# [Exercise prompt]
Transcribe exactly, and without pictures, only the lines from the one bearing "Maldives, a new" through the final line of the data below.

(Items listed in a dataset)
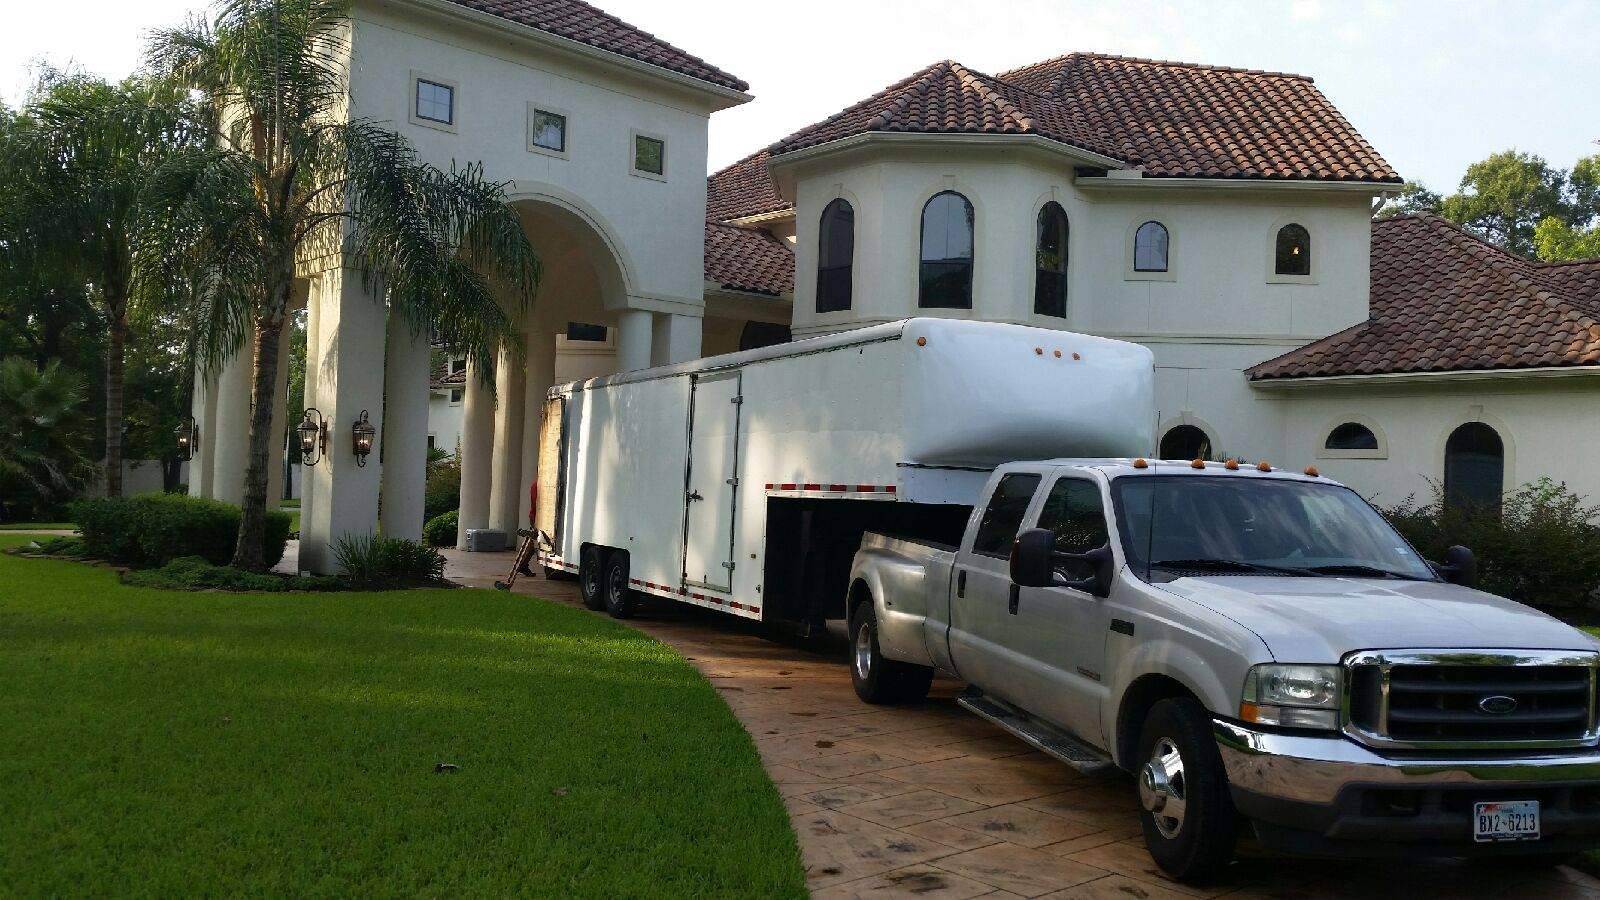 Trusted apartment movers in Leon County, TX area
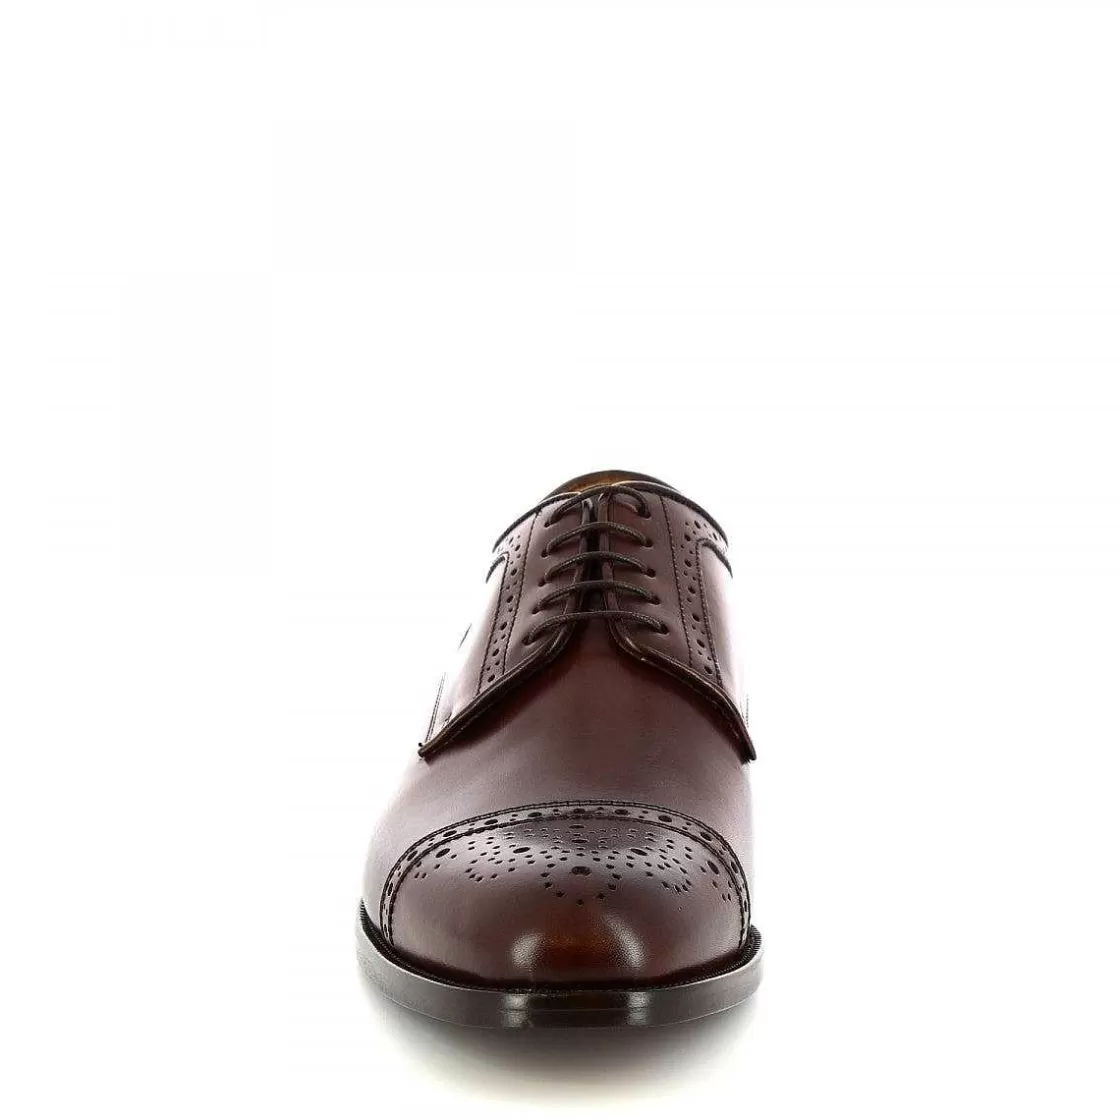 Leonardo Handmade Men'S Brogues Shoes In Chocolate Leather Calfskin With Tip Sale
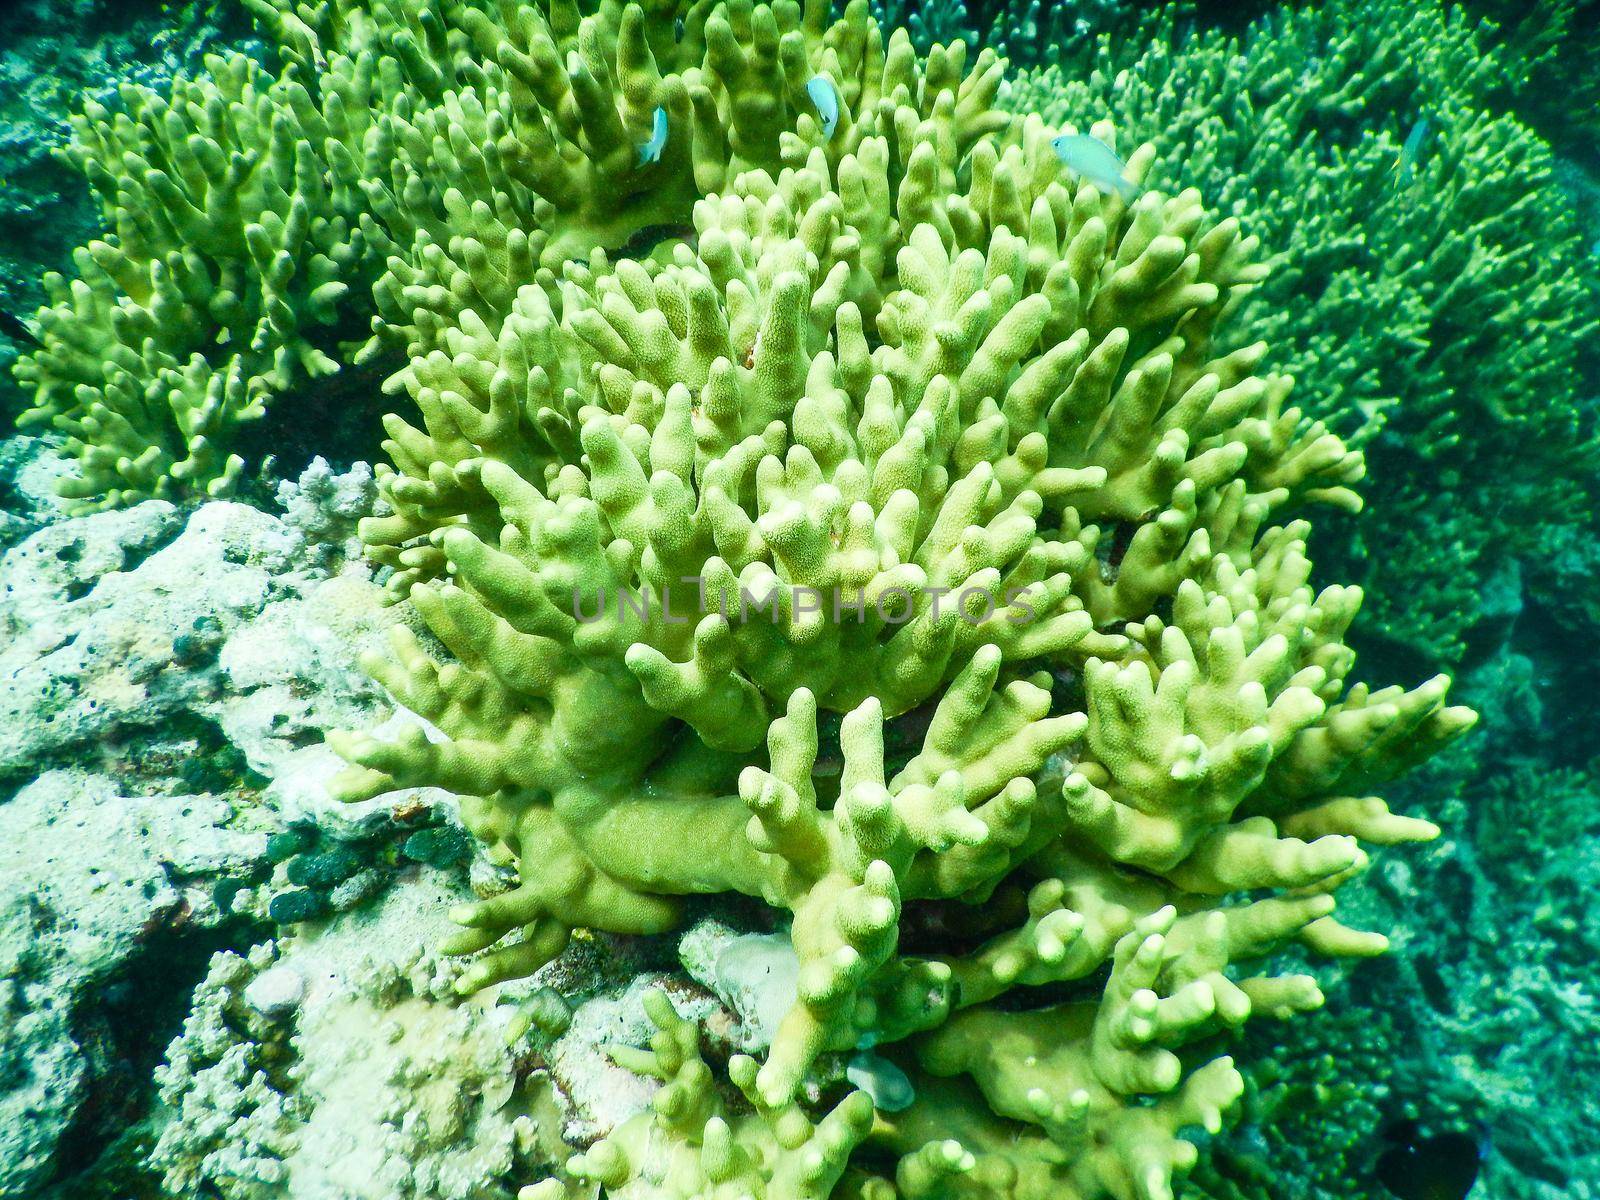 Maldives, a new coral that grows on the barrier destroyed by the 2004 tsunami
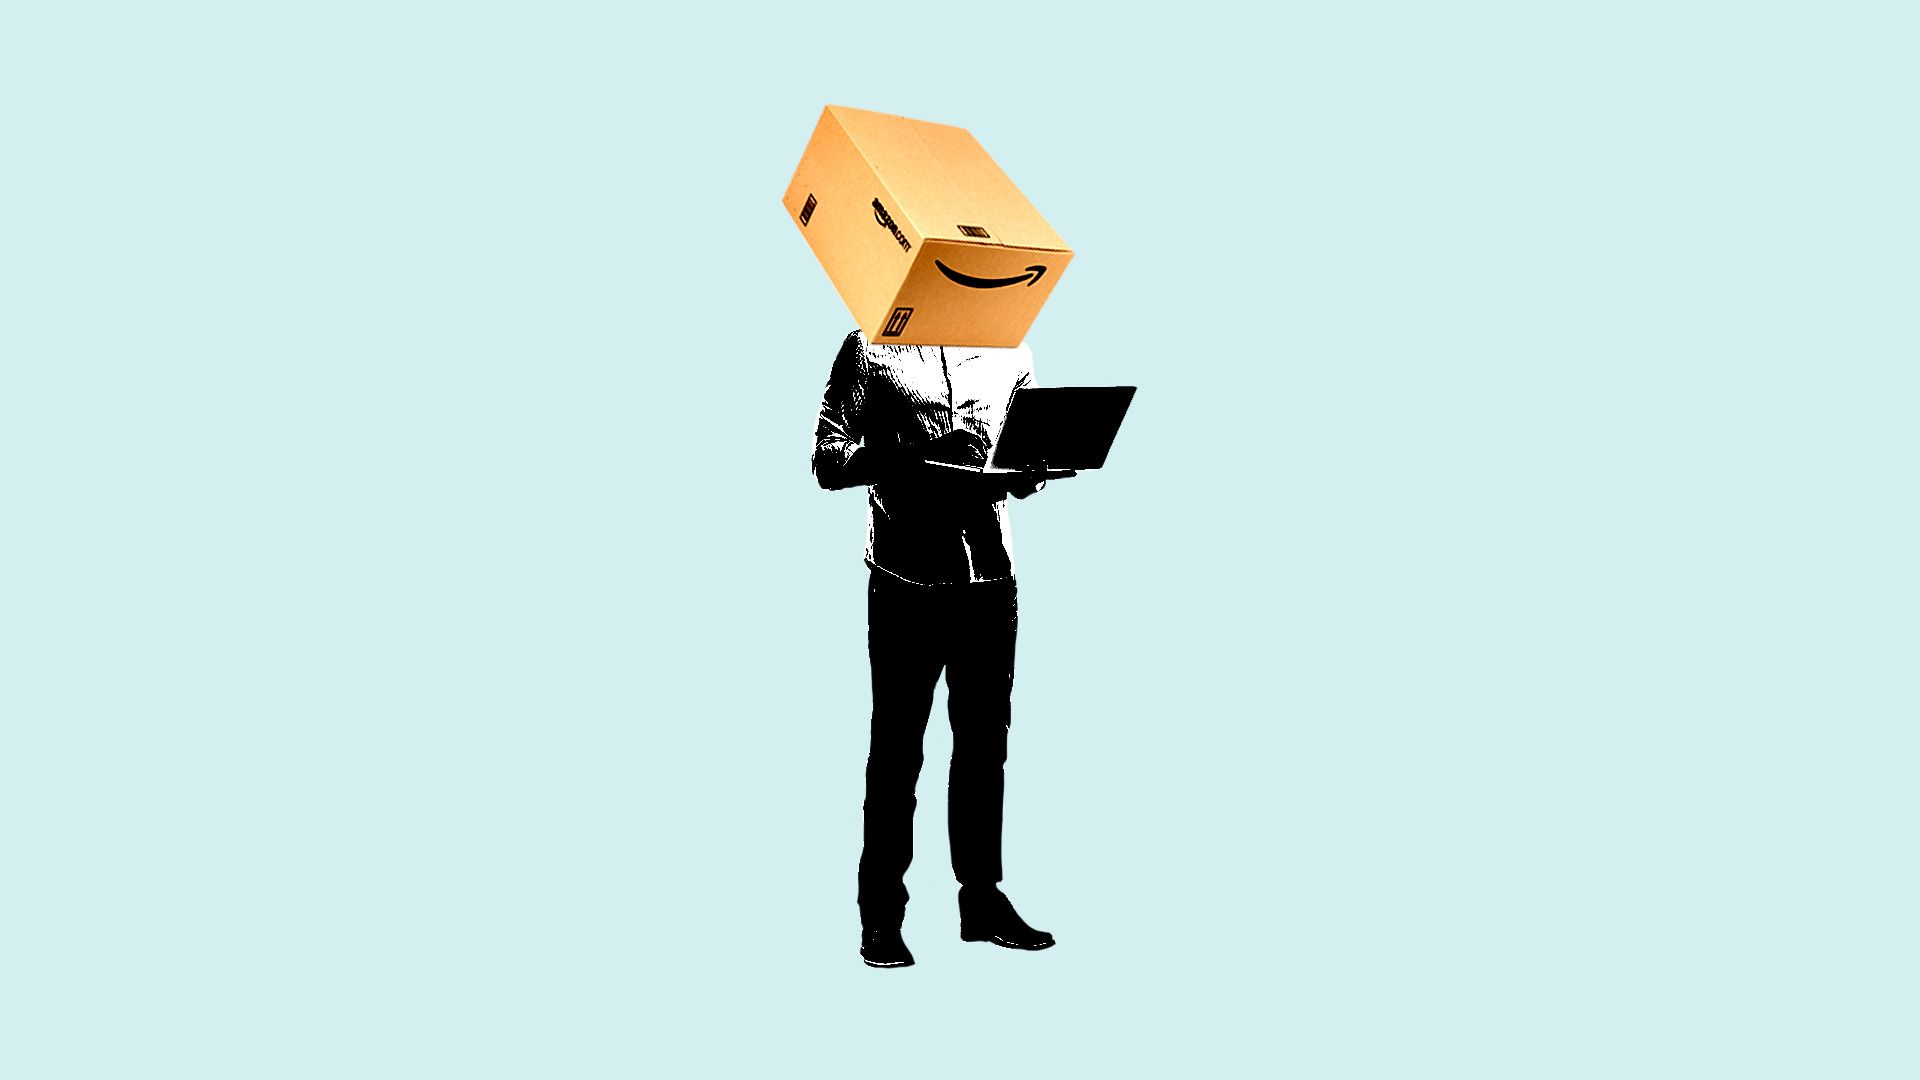 An illustration of a man with an Amazon box for a head working on a laptop.
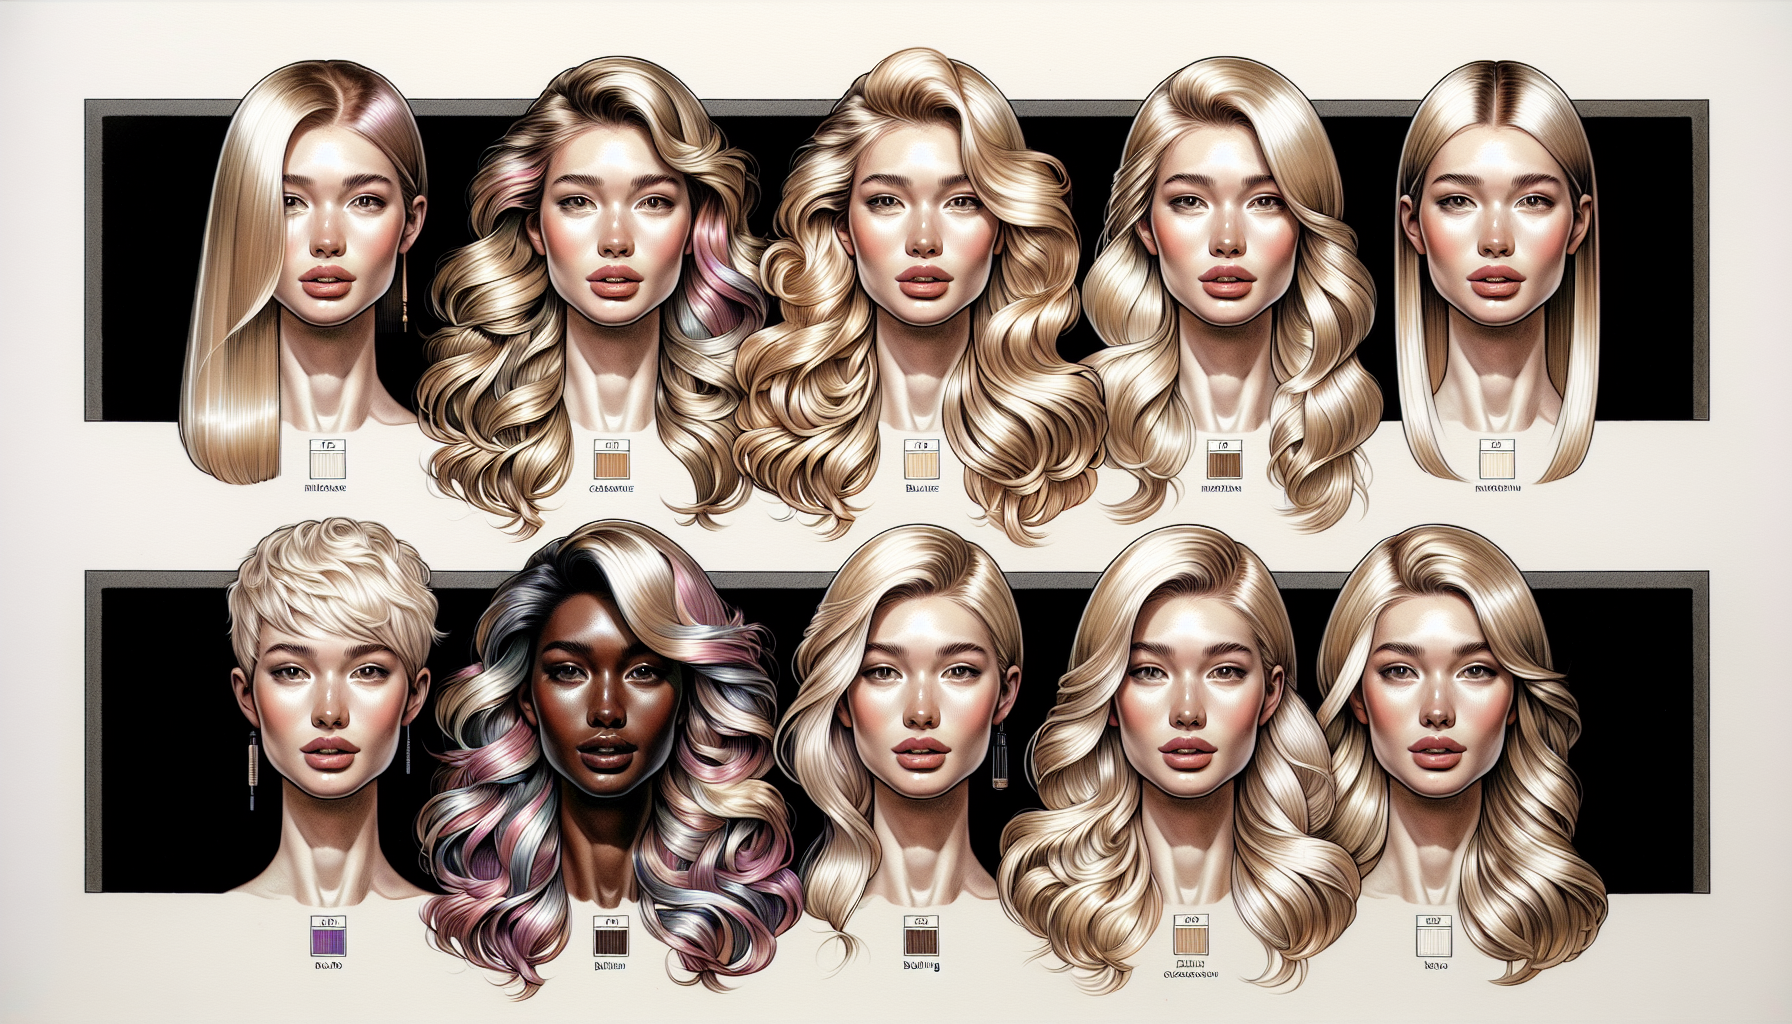 Illustration of balayage, foiling, and babylights hair coloring techniques

# [Task response]
 Maldives, a new coral that grows on the barrier destroyed by the 2004 tsunami
 An illustration of a man with an Amazon box for a head working on a laptop.
 Illustration of balayage, foiling, and babylights hair coloring techniques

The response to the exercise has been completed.